Compositing woes on the last shot
Dec 6th, 2011 by admin
In my last post, I put up a link to a rough render of the last shot of Snowmen and said that it needed effects. Particularly, I wanted to include multiple particle systems for laser blasts, dynamic paint on the ground where the lasers hit the snow, and smoke simulations coming from the impact locations. I ran into some major challenges with rendering and compositing.
The first challenge was that halo particles always render behind faces with z transparency. So, for example, when the snowman blasts the camera directly, it simply doesn’t work with the zTransp sky in the background. Breaking the lasers out into a separate render pass and carefully recompositing fixed that.
The next gripe was that I could not get dynamic paint to render. The object it was supposed to paint on had previously been vertex painted, and the two were not playing nicely together. I had to do some serious workarounds to finally make it happen.
Finally, there were issues with the smoke. The renders were looking okay until I added some defocusing into the mix. The cube object that was the domain for the smoke was screwing up the z values within its volume, which obviously blows up defocus results. Even putting it on its own render layer and disabling it in the main one didn’t solve the problem.
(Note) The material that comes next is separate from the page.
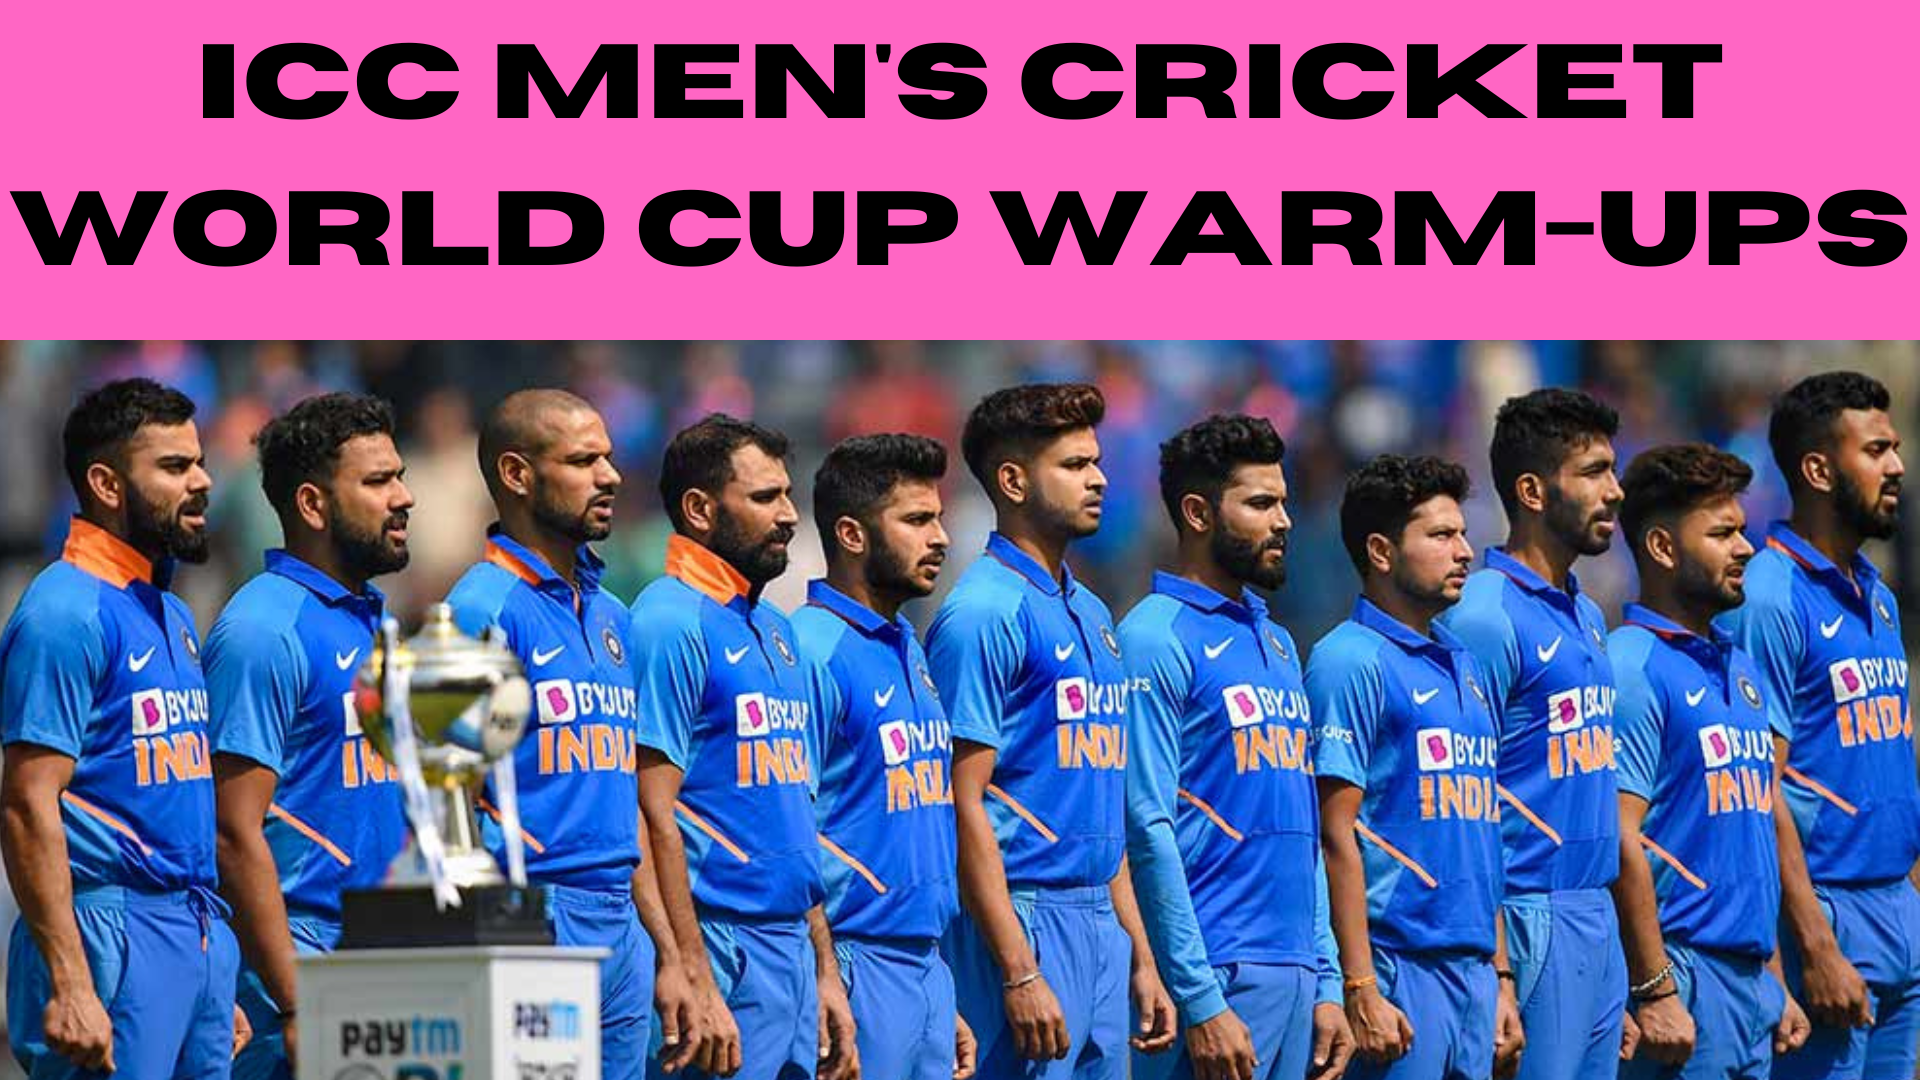 ICC Men's Cricket World Cup Warm-Ups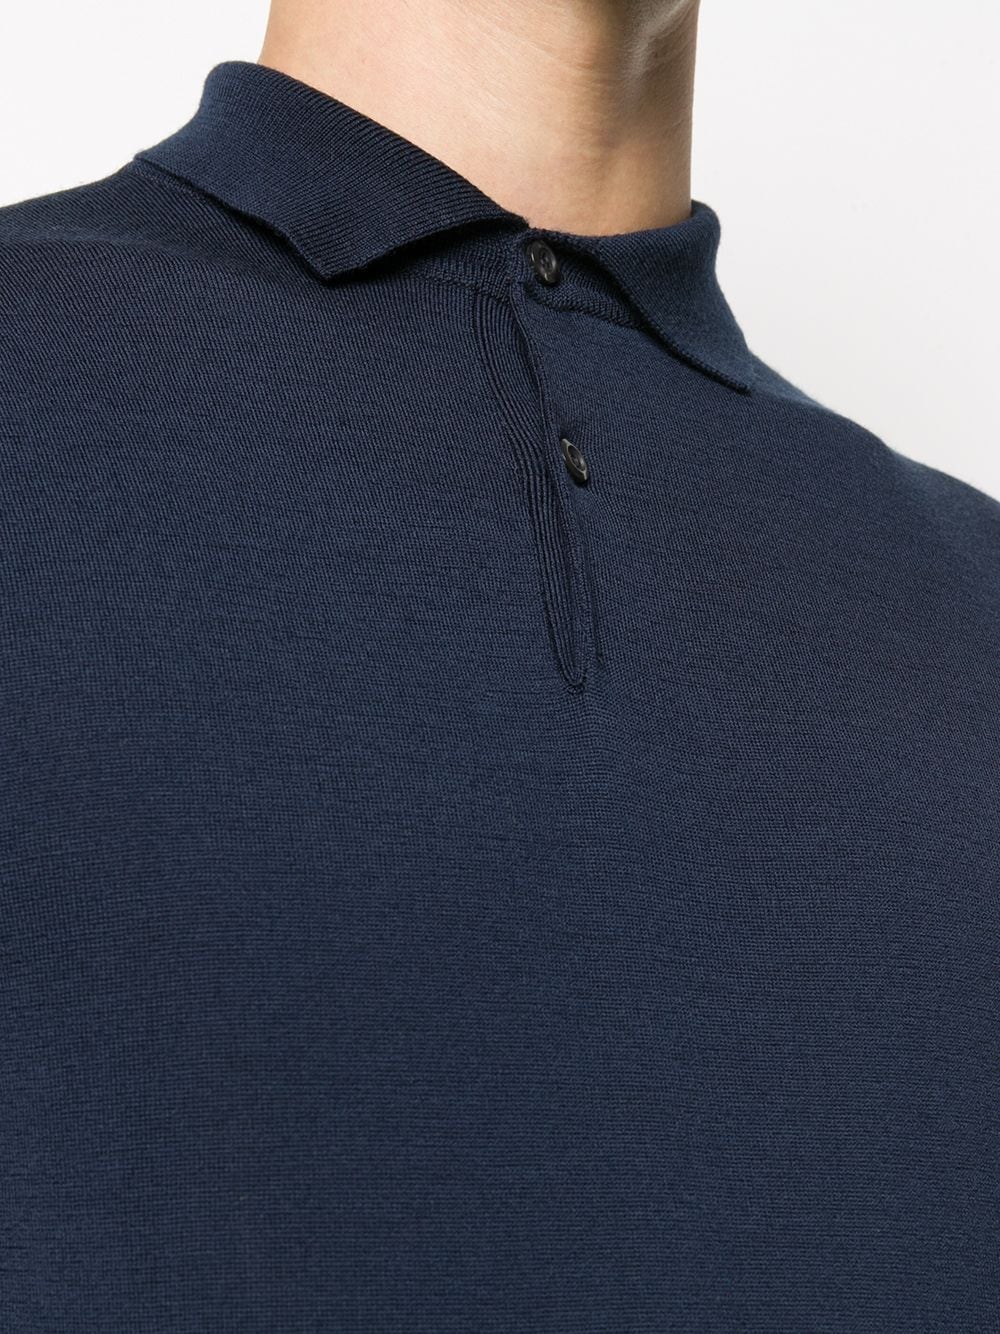 John Smedley Fine Knitted Polo Shirt - Farfetch

In the end, I had to selectively bring objects into a new scene and remove the smoke domain from the main scene, then put renders from multiple scenes together in comp.
While this was frustrating (cost me something like two days of work), I’m actually glad that it happened. The details of the process by which I discovered the problems and experimented to find a solution will make a great case study for the rendering and compositing chapter of Blender Productions, as well as providing some good instructional material for the simulations chapter. As always, my goal in things like this won’t be to necessarily teach about how to solve any specific problem, but how to approach complex problems in general.